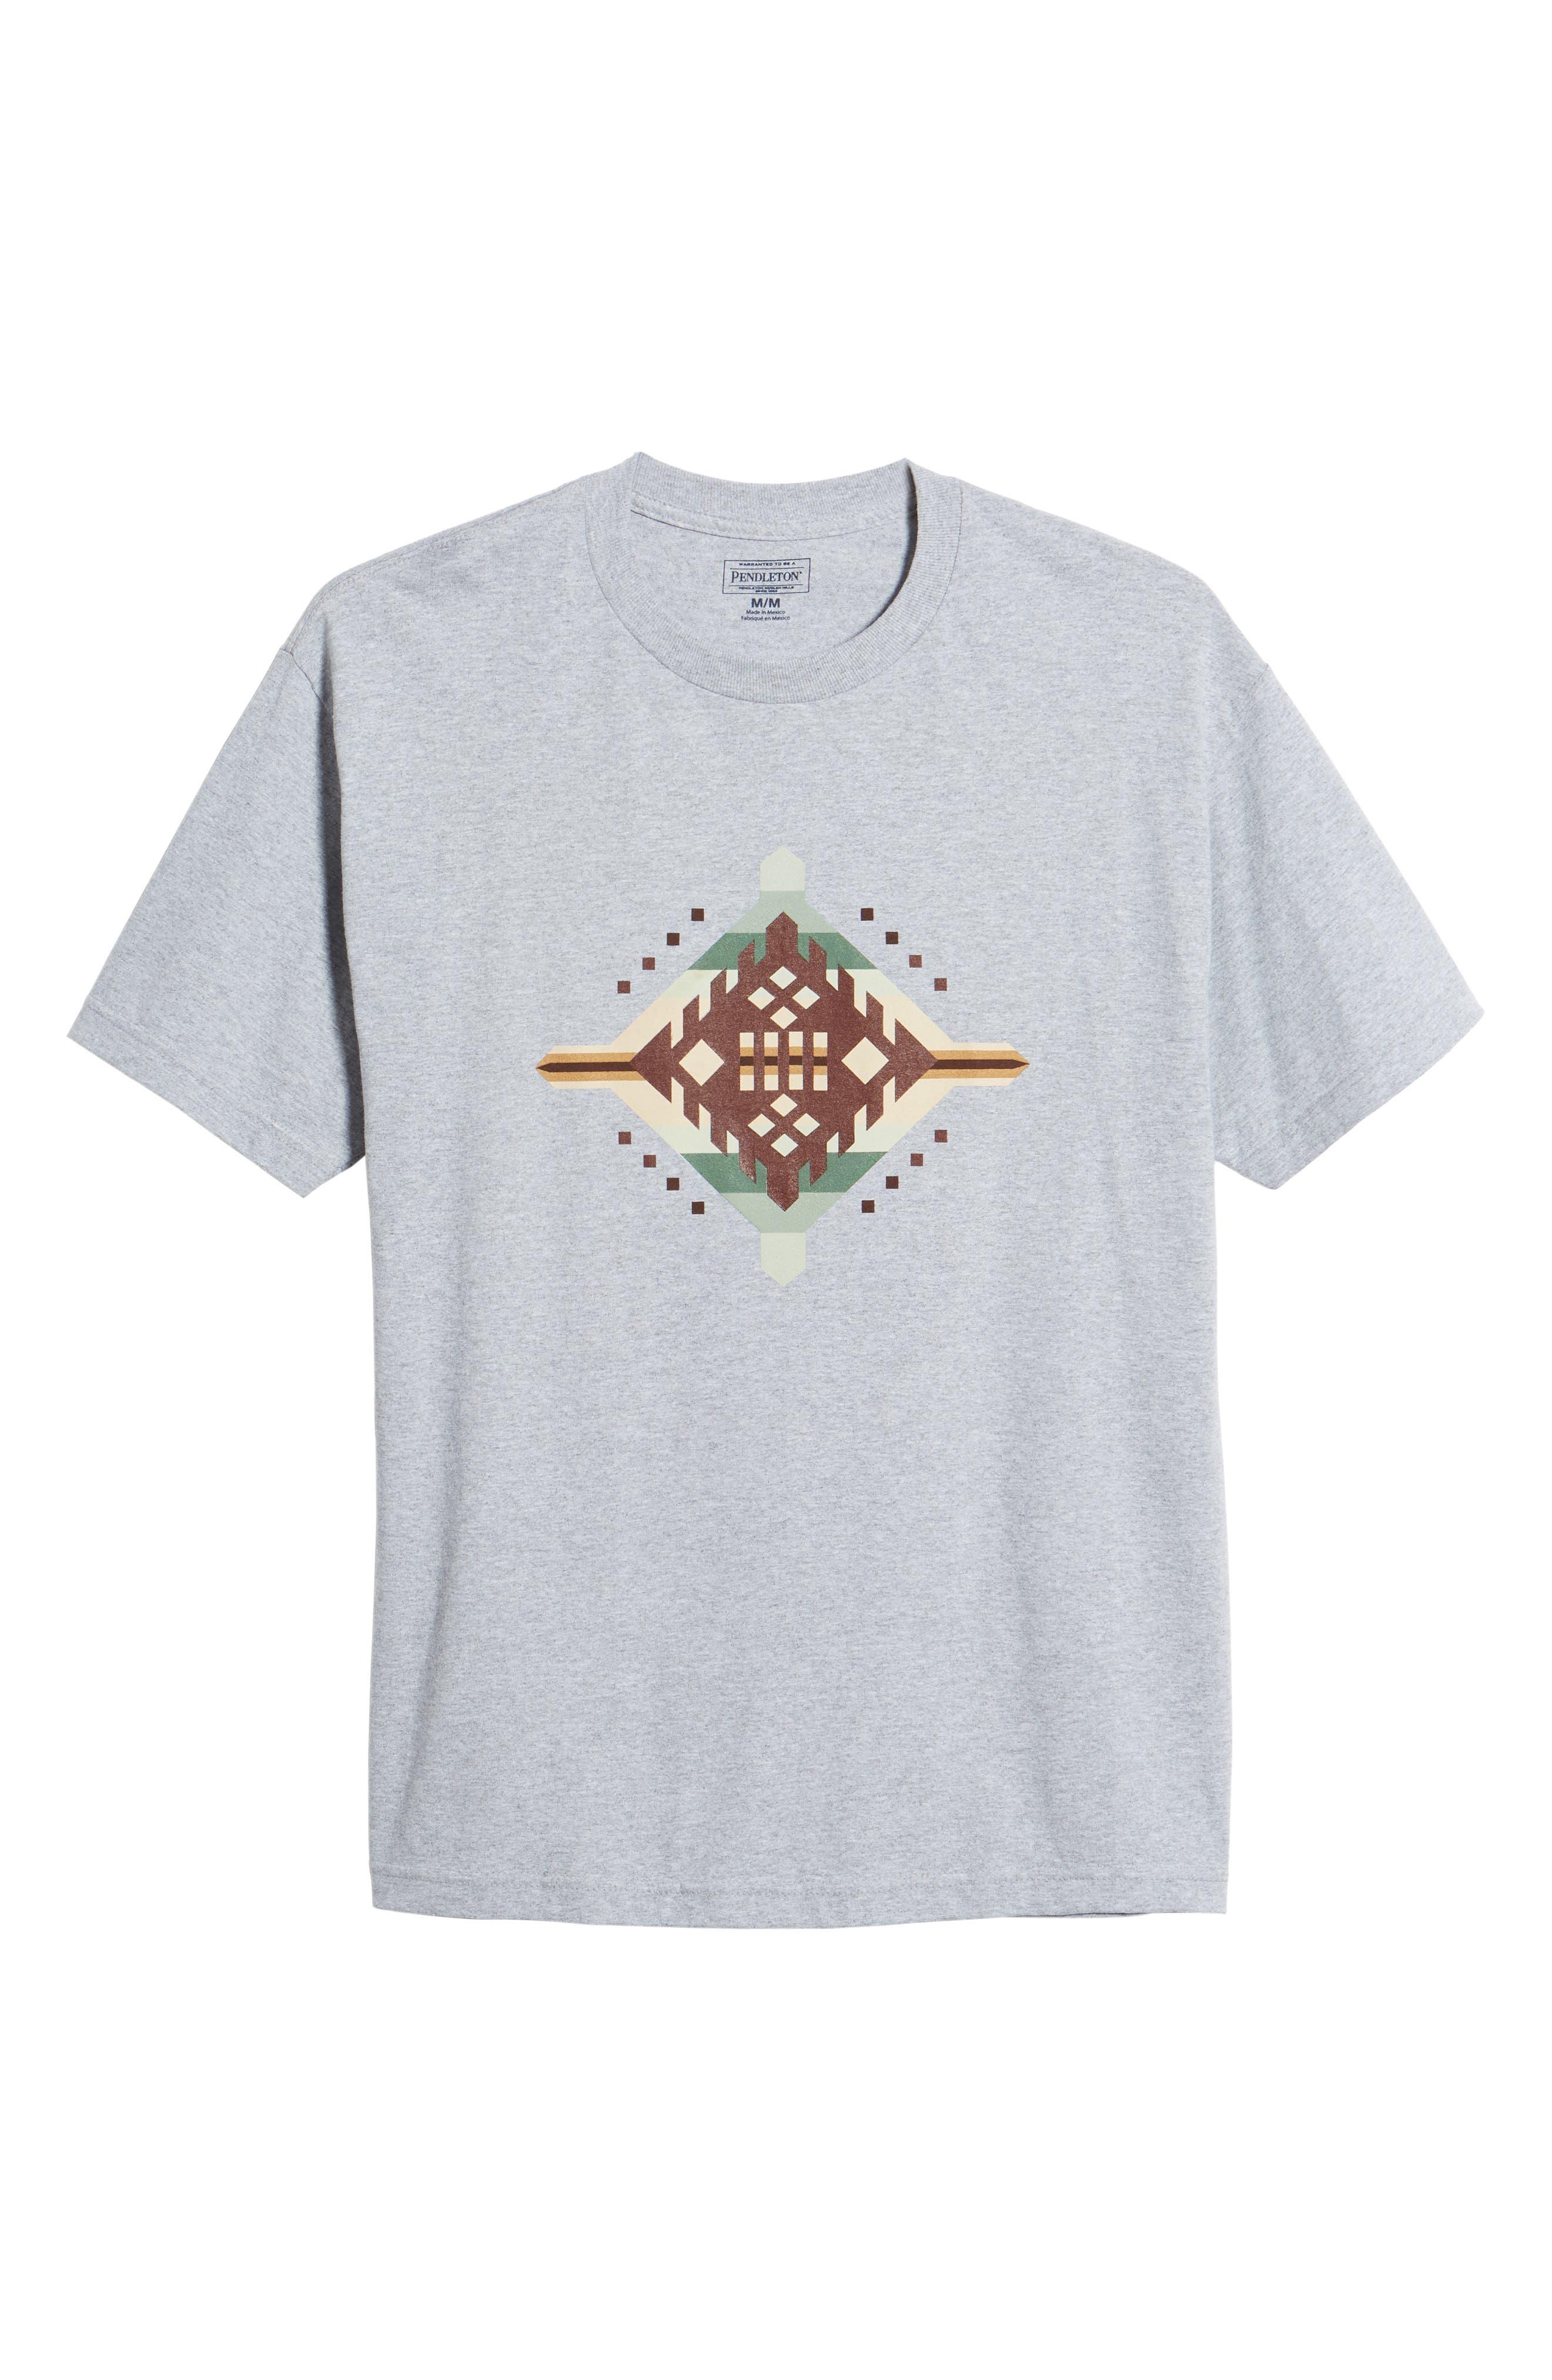 Crewneck T-Shirt,                             Alternate thumbnail 6, color,                             Gray Mesquite Canyon
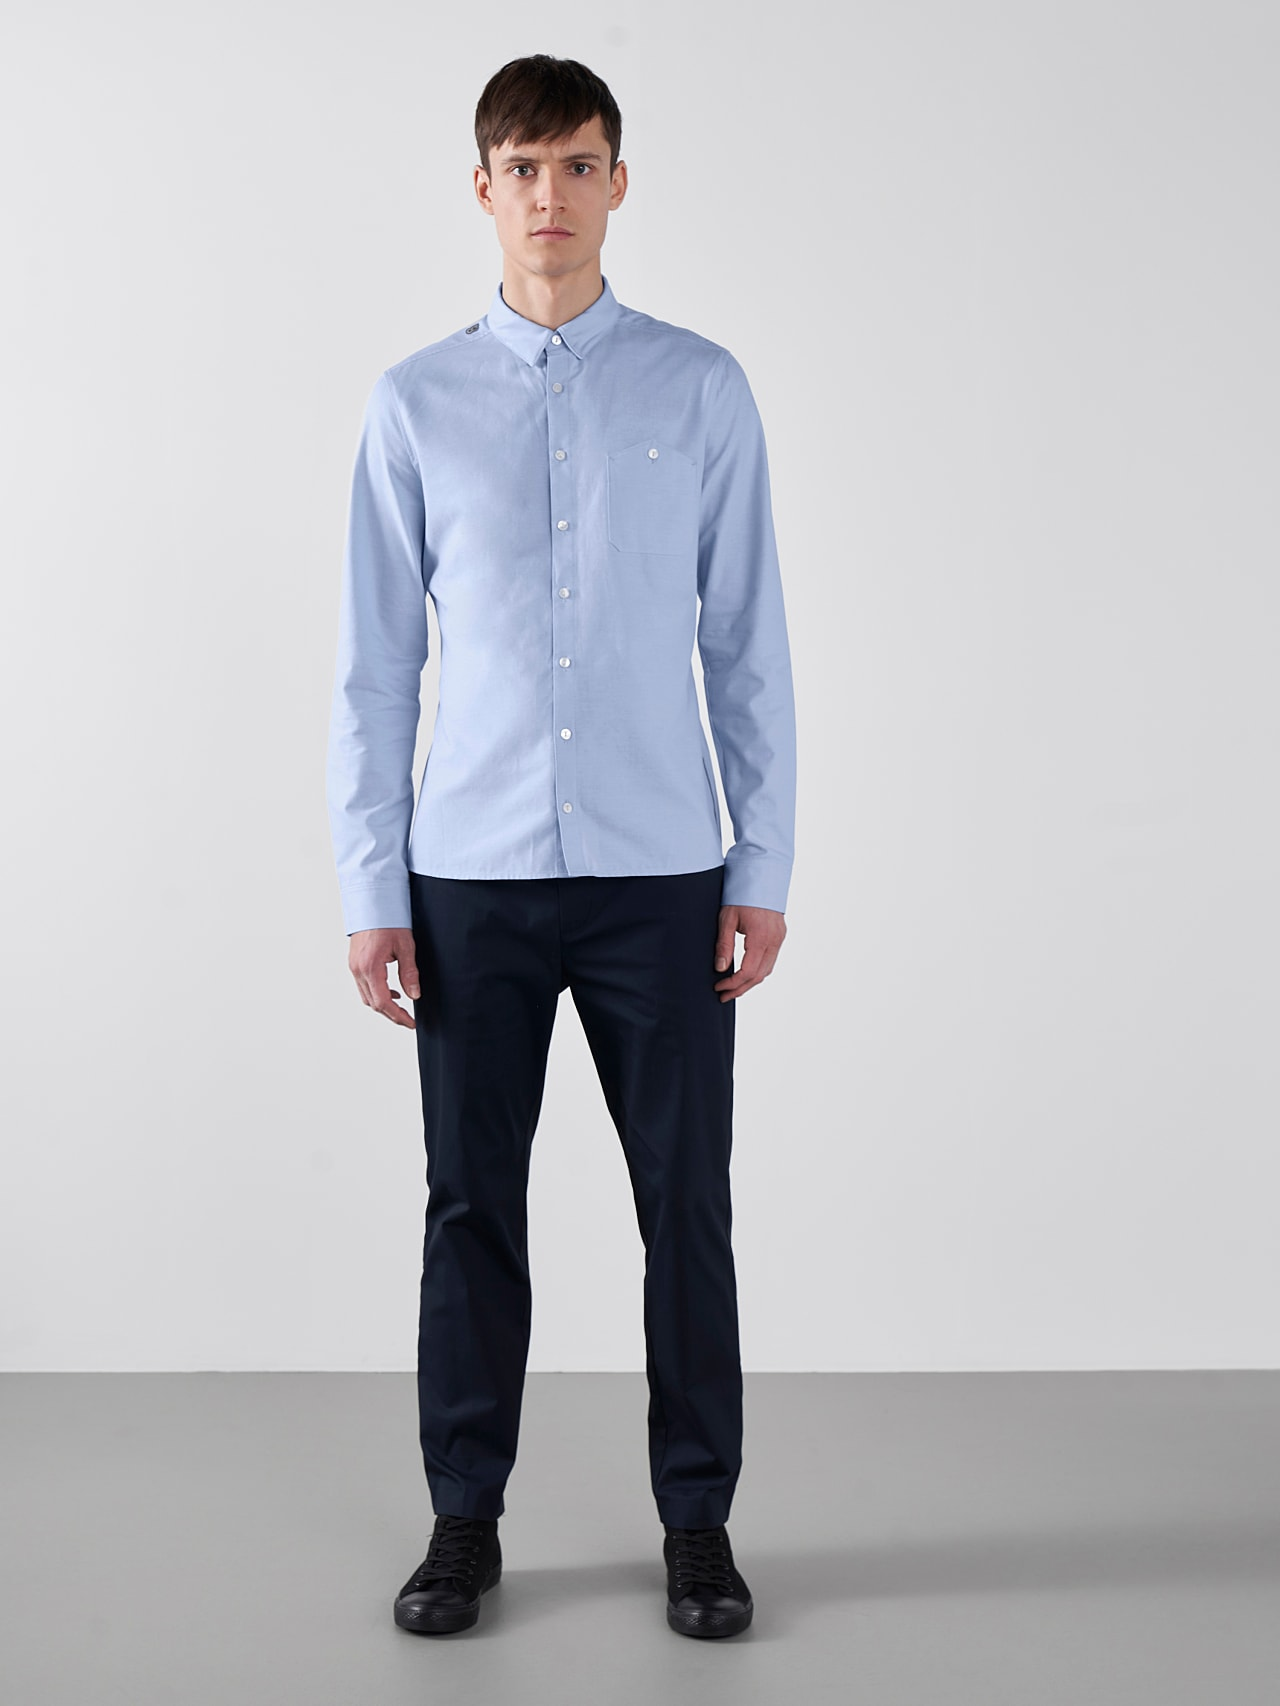 WOSKA V2.Y5.01 Kent Collar Oxford Shirt light blue Front Alpha Tauri
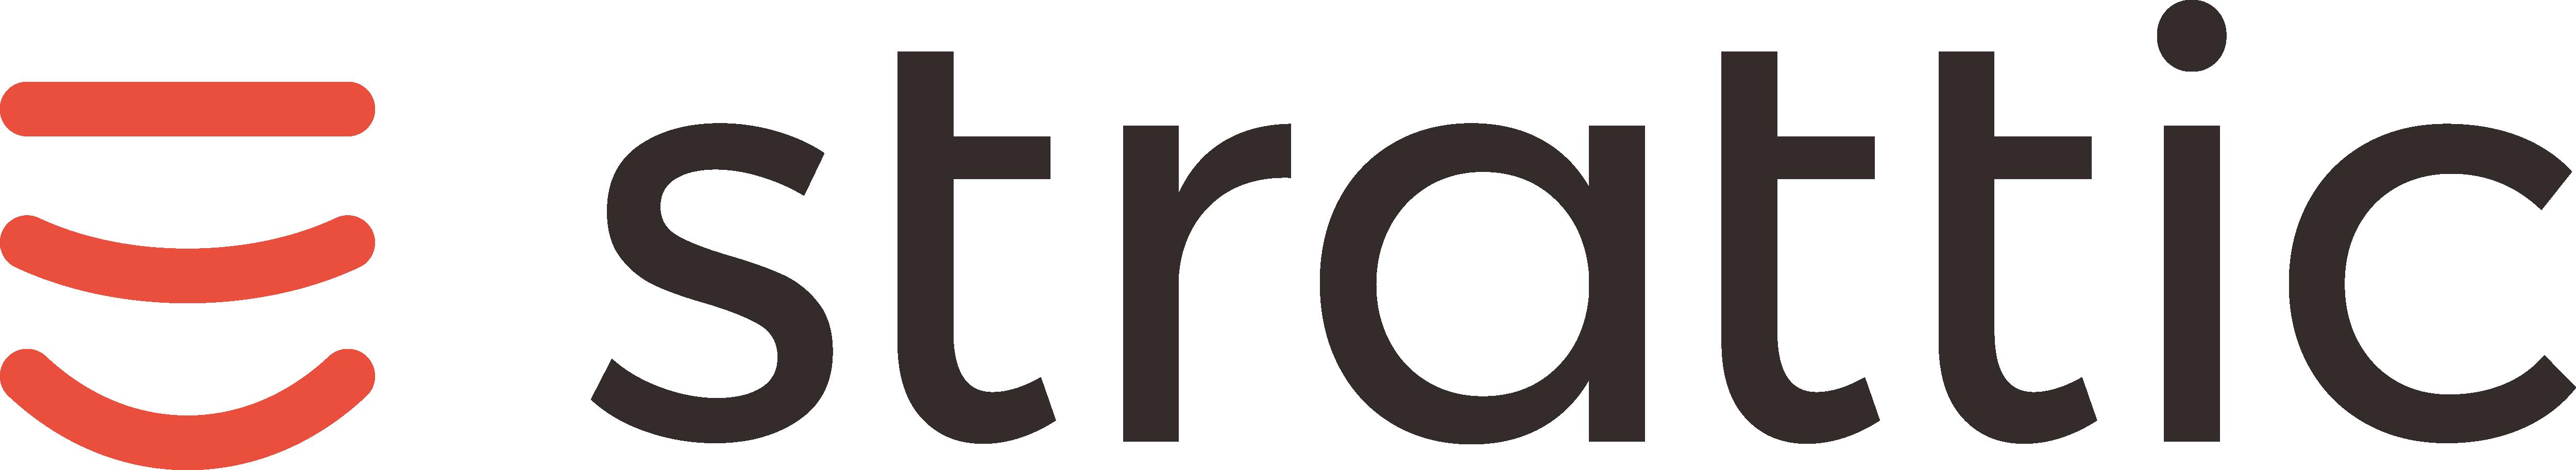 Strattic-Ver1REV-Black-Text-Horizontal-Transparent-PNG
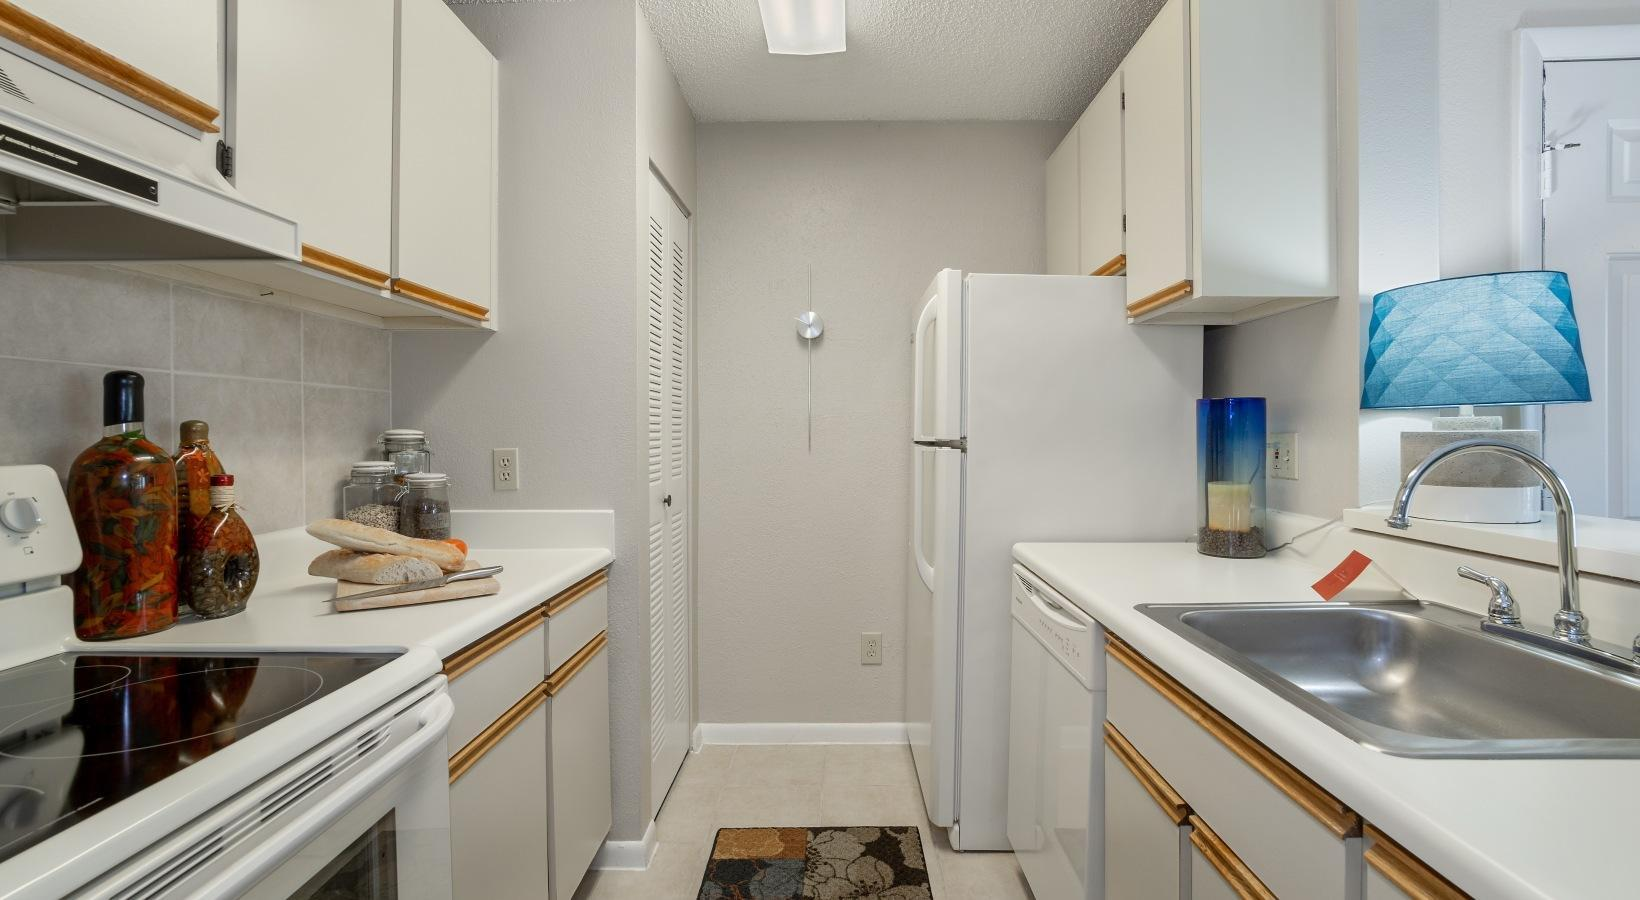 520 Terraceview Cove #17-208, Altamonte Springs, FL - 2,162 USD/ month
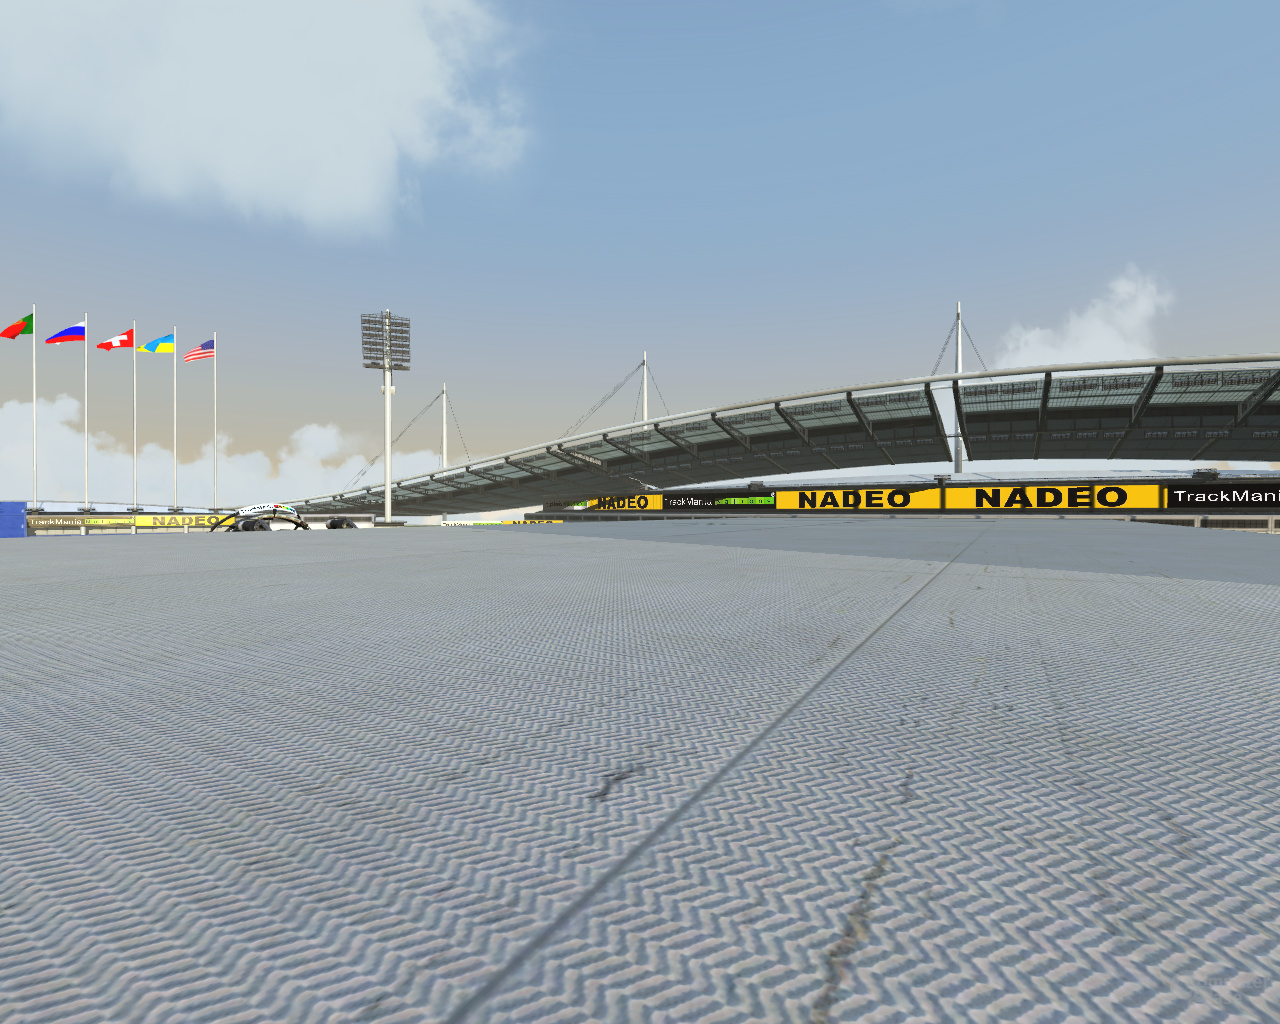 Nvidia GF100 Trackmania - 16xHQAF
--------
## WHAT THE TASK ASKS:
Only the lines from the one containing "Strattic-Ver1REV-Black-Text-Horizontal-Transparent-PNG" through the end of the listing above should be reproduced, exactly as they stand. Leave the pictures out.

## TASK OUTPUT:
 Strattic-Ver1REV-Black-Text-Horizontal-Transparent-PNG
 520 Terraceview Cove #17-208, Altamonte Springs, FL - 2,162 USD/ month
 Nvidia GF100 Trackmania - 16xHQAF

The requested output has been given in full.